Article title: Dysembryoplastic Neuroepithelial Tumor (DNET)
Author: Samia Sulaiman
Editor: Miramar Haddad, Haneen A. Banihani
Reviewer: Lobana Mahdawi
Abbreviations
DNET: dysembryoplastic neuroepithelial tumor
LEAT: long-term epilepsy-associated tumors
SGNE: specific glioneuronal element
GFAP: glial fibrillary acidic protein
PXA: pleomorphic xanthoastrocytoma
Overview
Dysembryoplastic neuroepithelial tumors (DNETs), first elucidated in 1988 by Daumas-Duport, could be described as indolent, slow-growing, mixed neuronal-glial grade 1 neoplasm and are usually diagnosed in children and young adults and localized to the primary site of origin. [1]
DNETs could arise from deep grey matter or cortical matter.
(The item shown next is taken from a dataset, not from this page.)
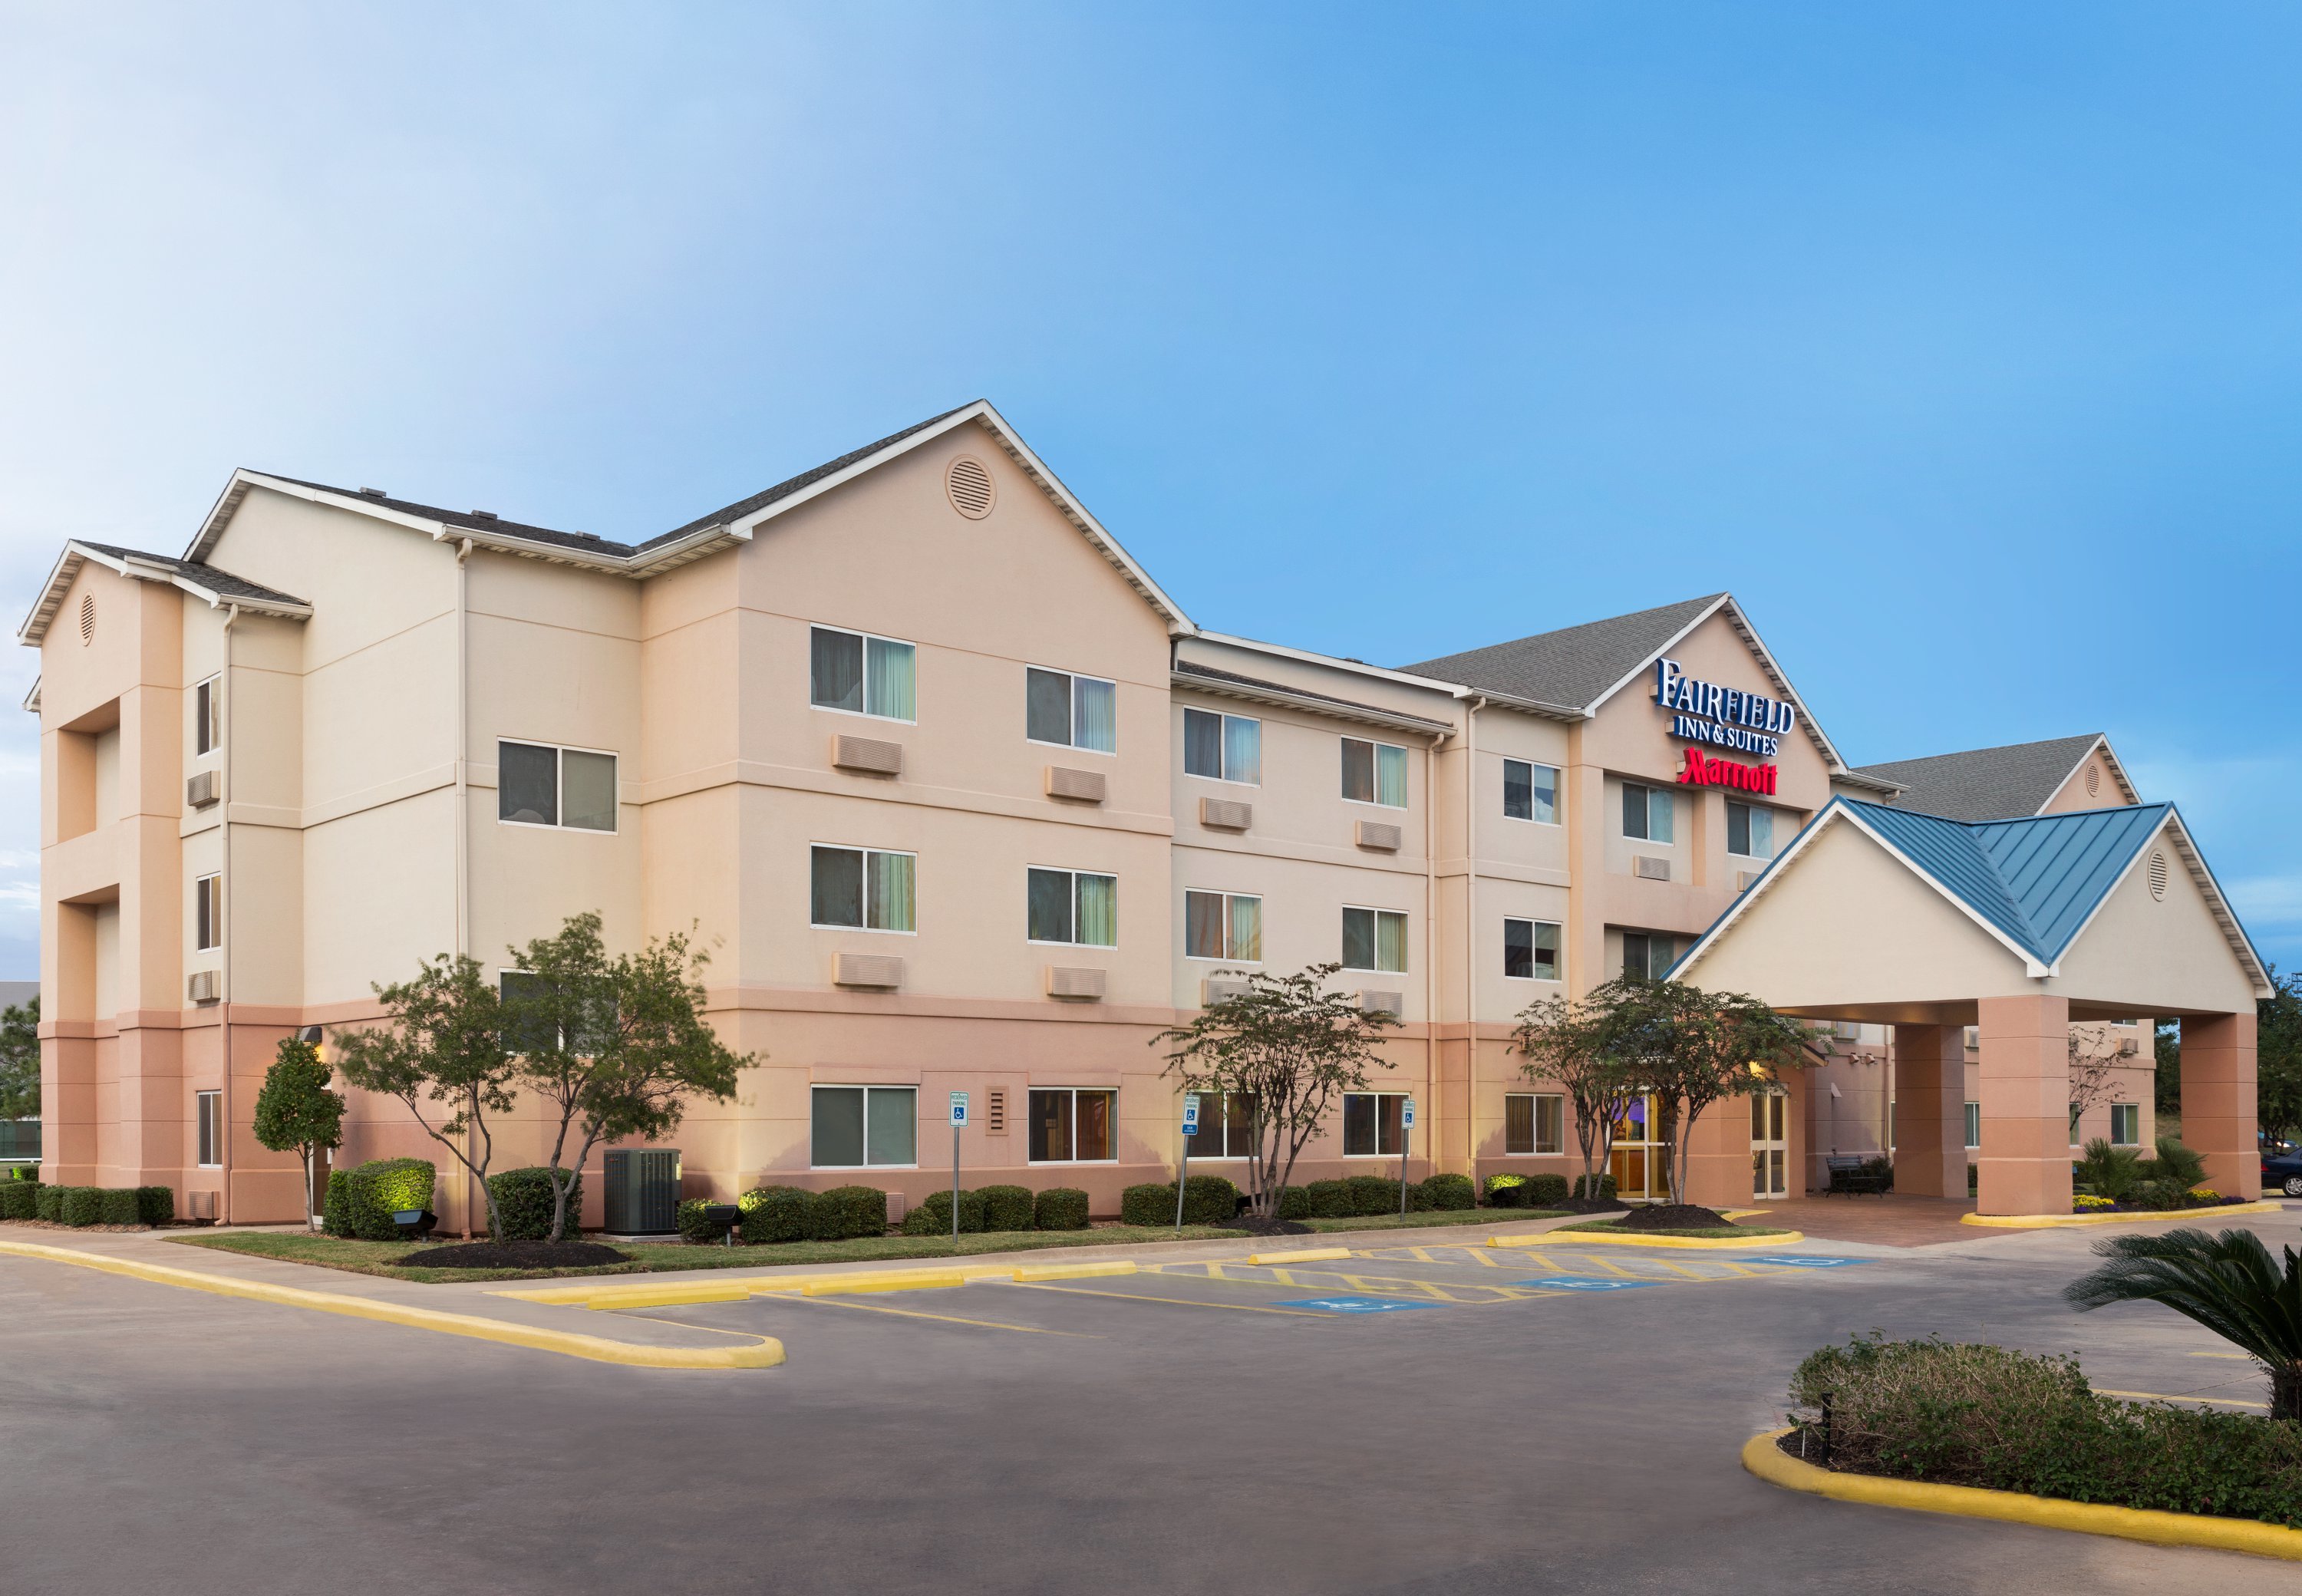 Photo of Fairfield Inn & Suites by Marriott Houston North/Cypress Station, Houston, TX

In up to 80% of cases, they are frequently associated with cortical dysplasia, which accompanies unimodular or multinodular lesions. [2,5], they arise from secondary germinal layers and usually cause characteristic intractable focal seizures or may remain asymptomatic. [2, 18]
The etiologies and risk factors of DNETs are still poorly understood, yet ongoing research aims to develop a better understanding of DNETs and ease their diagnosis.[4]Researchers believe that a combination of genetic, environmental, and occupational factors may lead to the development of DNETs. [18]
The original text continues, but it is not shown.